→ **Task prompt**: Repeat, word for word, every line from the line holding "slide 9 of 9, Farmer's" through the final line of the entries below. Skip all pictures.

→ **Provided records**:
··········
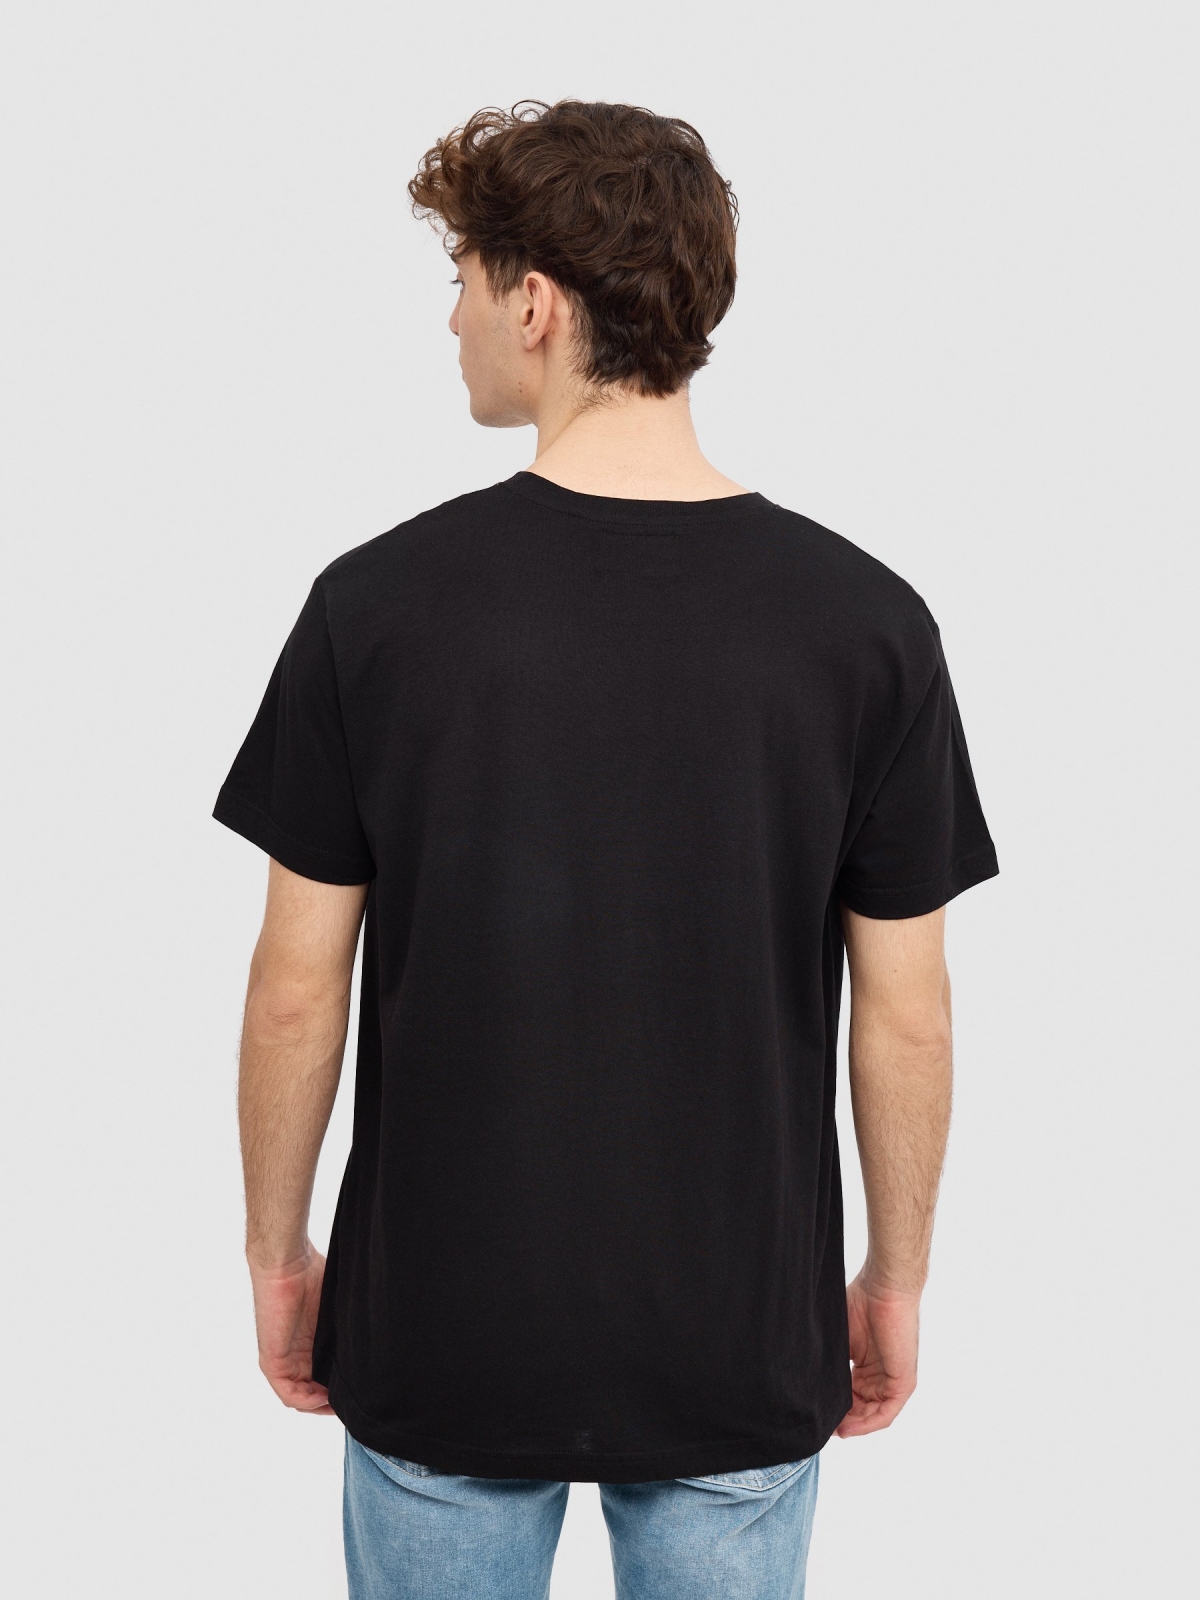 Camiseta logo INSIDE negro vista media trasera
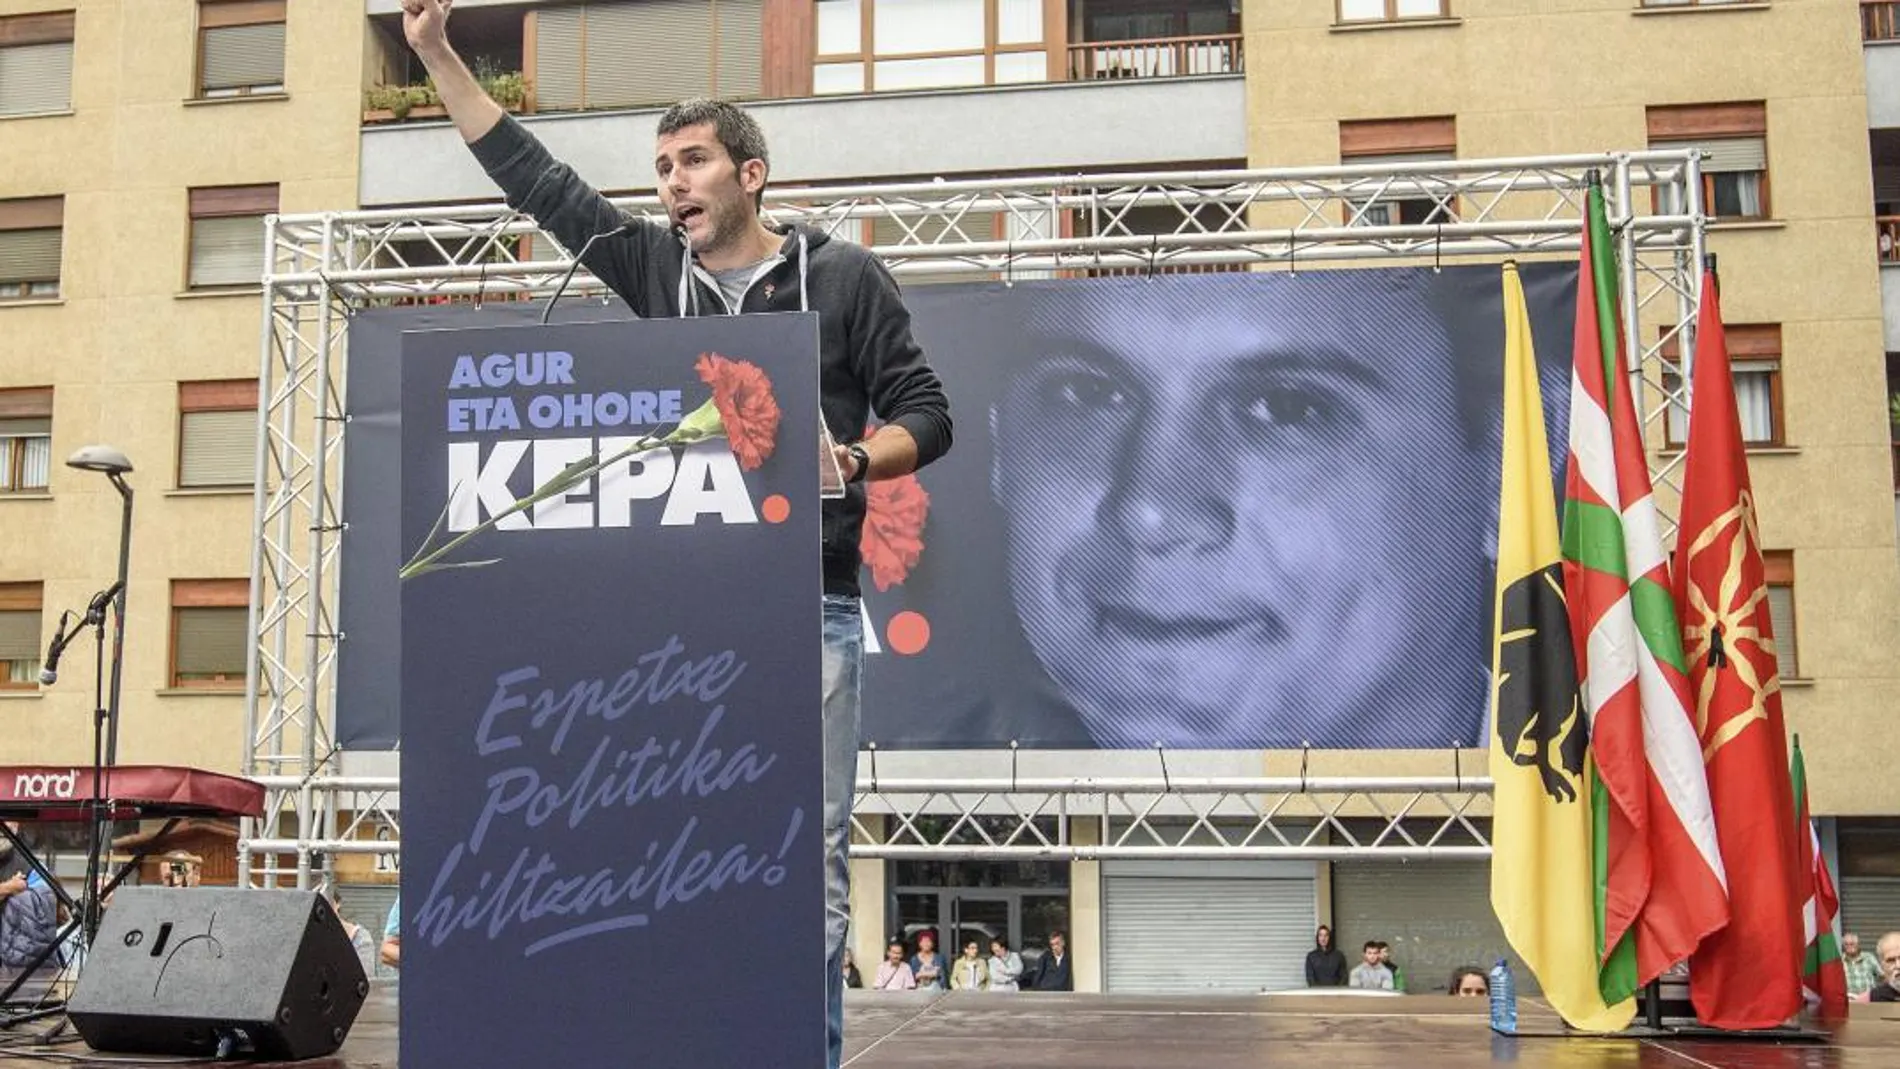 Manifestación celebrada en agosto en Galdakao, Bizkaia, convocada por la izquierda abertzale, para protestar por la política penitenciaria tras la muerte del preso de ETA Kepa del Hoyo de un infarto en la prisión de Badajoz
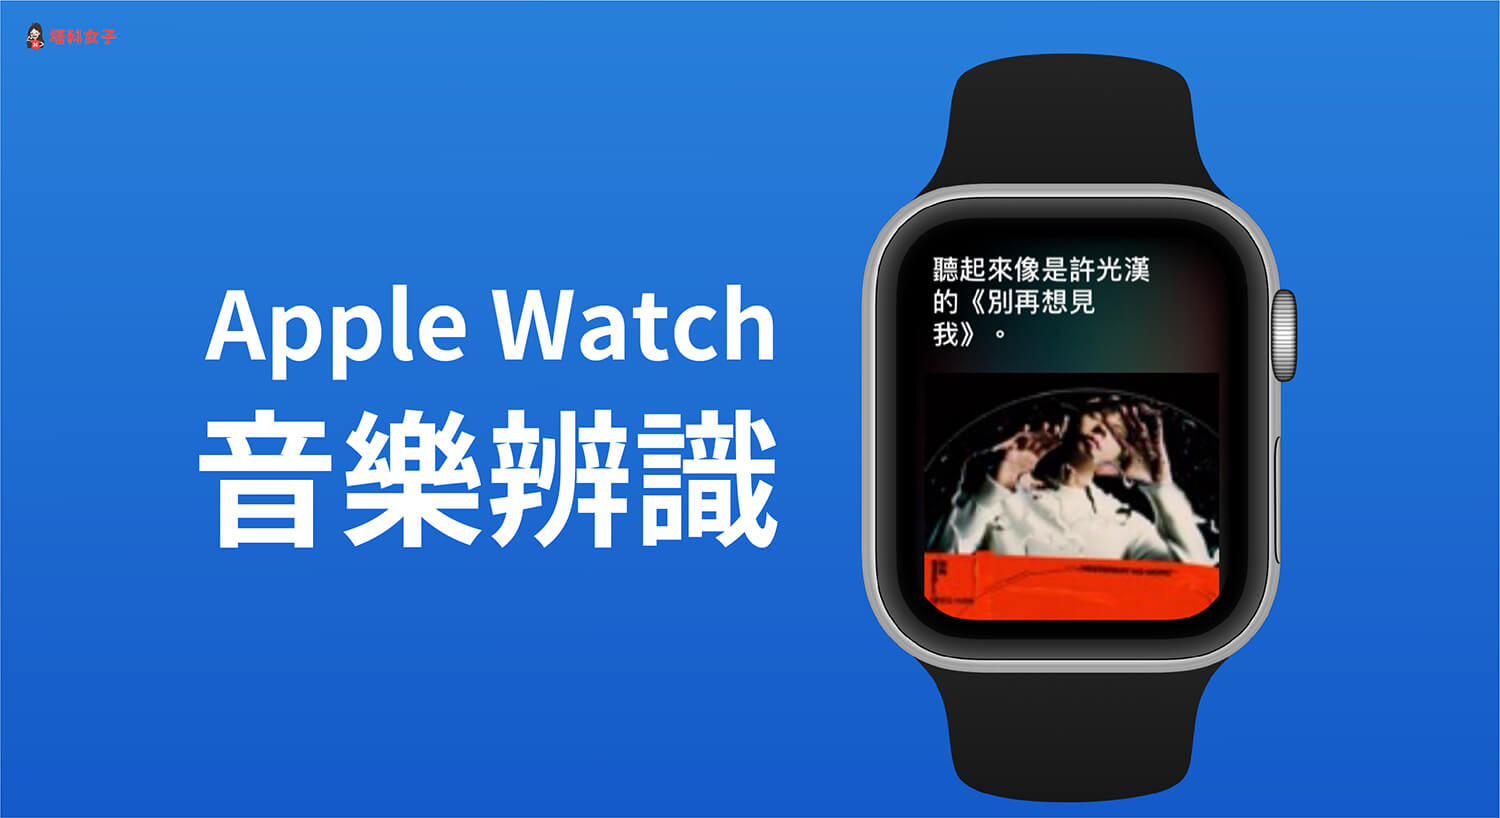 Apple Watch 如何使用音樂辨識？教你這招搜尋目前播放的歌曲
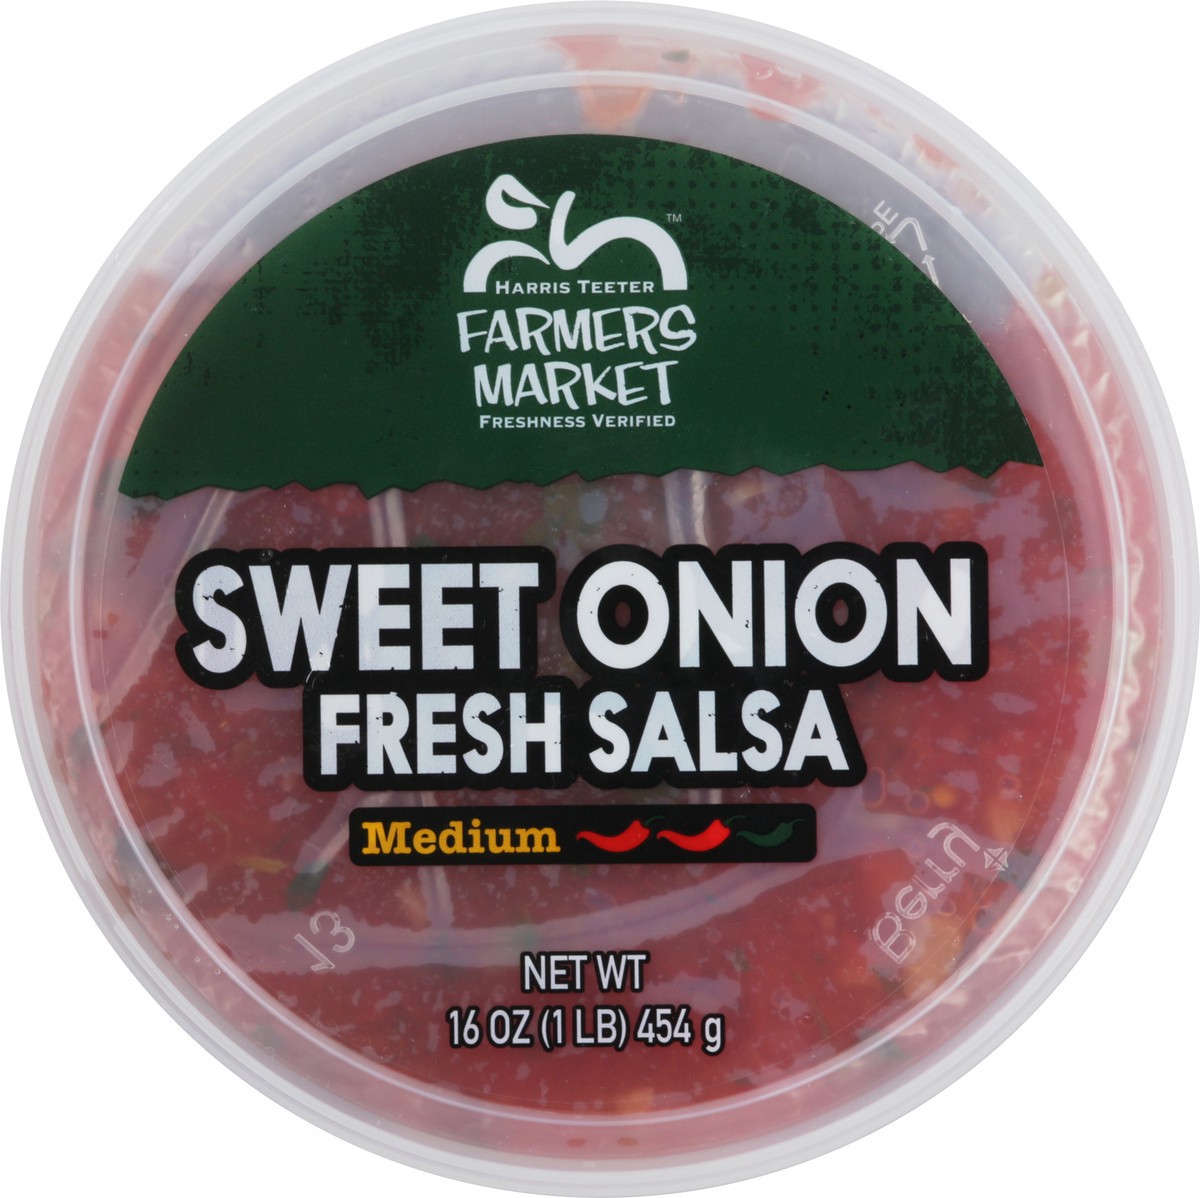 slide 9 of 9, Farmer's Market Harris Teeter Farmers Market Fresh Salsa - Sweet Onion, 16 oz
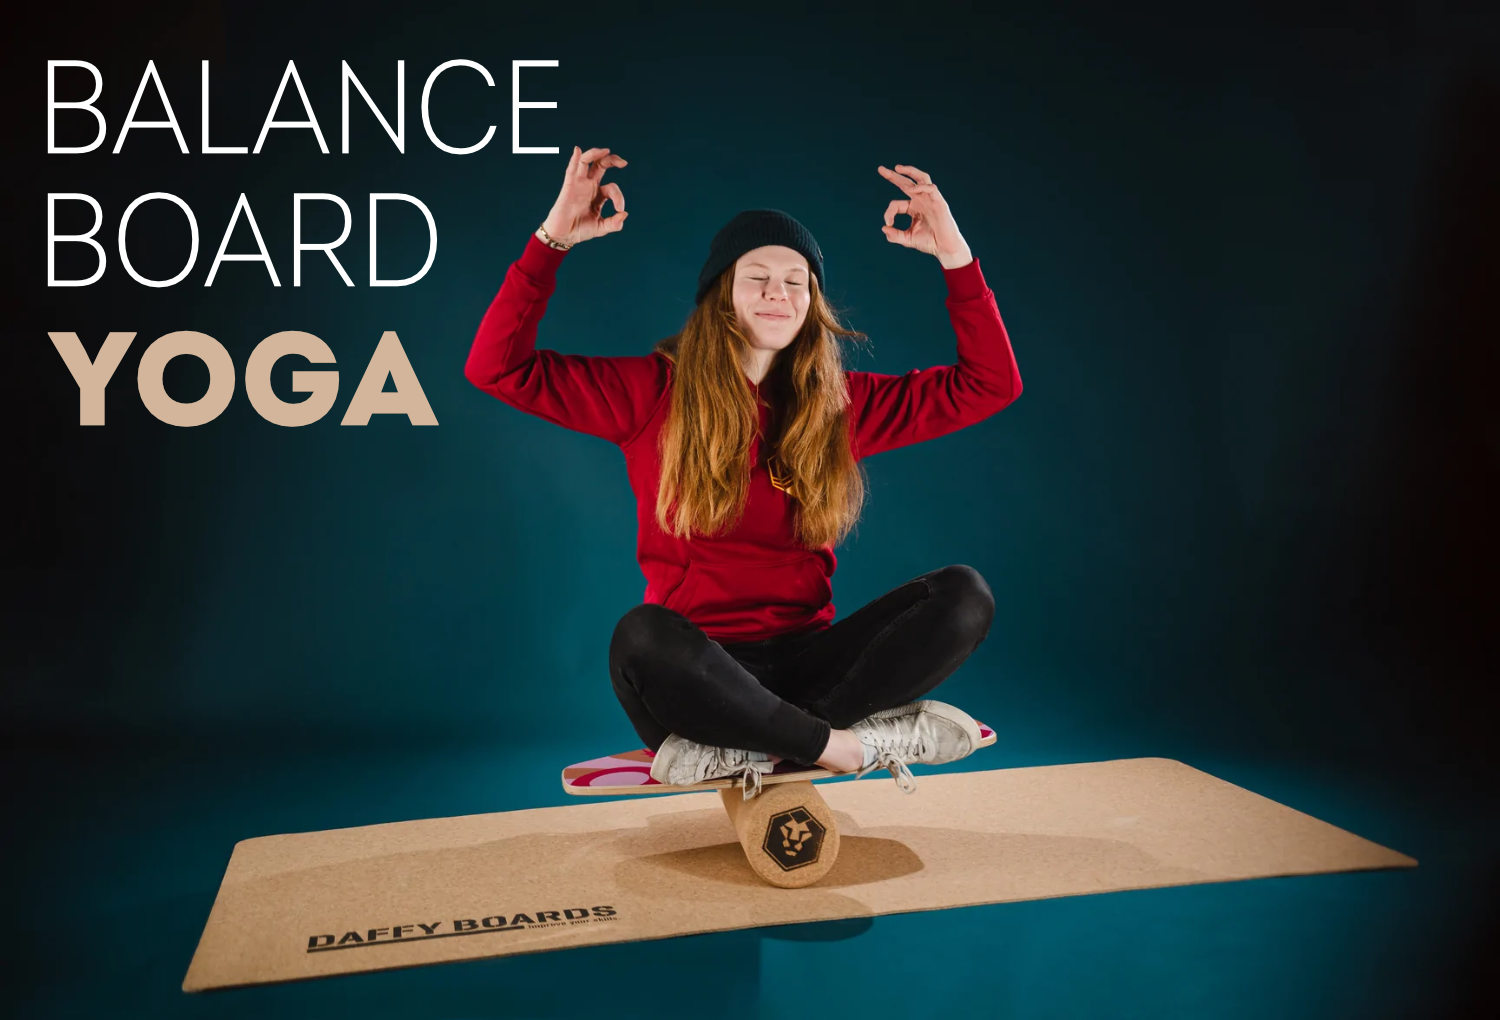 Eine Frau macht Yoga auf einem Balance Board
··········
→ **Solution to this problem**:
 slide 9 of 9, Farmer's Market Harris Teeter Farmers Market Fresh Salsa - Sweet Onion, 16 oz
 Eine Frau macht Yoga auf einem Balance Board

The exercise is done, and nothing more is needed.